I used "I Want Sandy" for over a year, and was visibly upset when "she" went
away. I got accustomed to my to-dos being as accessible as the nearest web
browser, email client, or even SMS device. Today, I use reQall on the web,
through their voice number, over AIM, and through its BlackBerry client -
whatever's most convenient at the time.

As you can guess from the two I chose, to-dos work best for me when I can
rattle off a sentence in natural English and have the system figure out where
& when to file it under.

------
pedalpete
I don't use any web-based todo list, but have tried a few more for curiosity
than as a solution to a problem.

I think the reason so many of these things exist is 1) the functionality seems
fairly simple 2) the market opportunity is huge

Where I think most of them fail is that they don't (as far as I have seen)
provide a compelling differentiator or improvement over pen & paper or txt
file.

Sure they are easy to use, but so are the alternatives. Is there a killer
feature that is making a to do list better than a txt file? If so, i haven't
seen it.

------
imsaar
I am using Toodledo.com (very ugly web interface but good functionality) with
Ultimate To Do iphone app which can sync with Toodledo and it has been working
out pretty well.

I agree a To Do list that is not always with you is not an effective list.

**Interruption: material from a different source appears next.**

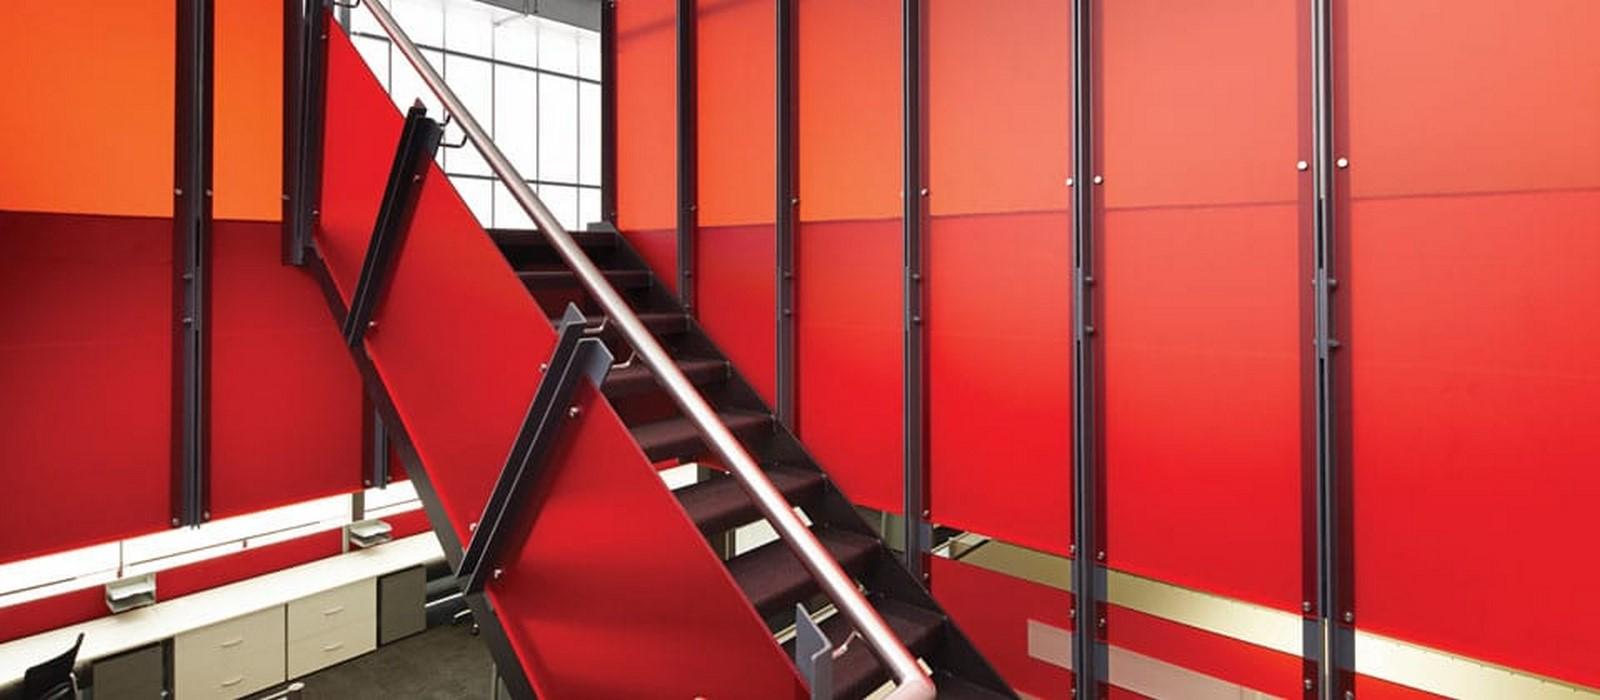 SEW Eurodrive Office and Warehouse, Welshpool, Western Australia - Sheet3

I have tried all the ones you mentioned except Todoist and none of them is as
effective as my current solution.

Another nice thing with Toodledo is that they have a good and simple API that
can be used to make it available on other smartphones as an offline app.

------
apowell
I'm not sure if it's "web 2.0", but it's nice looking and has an iPhone app to
accompany it -- I've been using Things for a year now. I have definitely
become more reliable and efficient since I began using it seriously.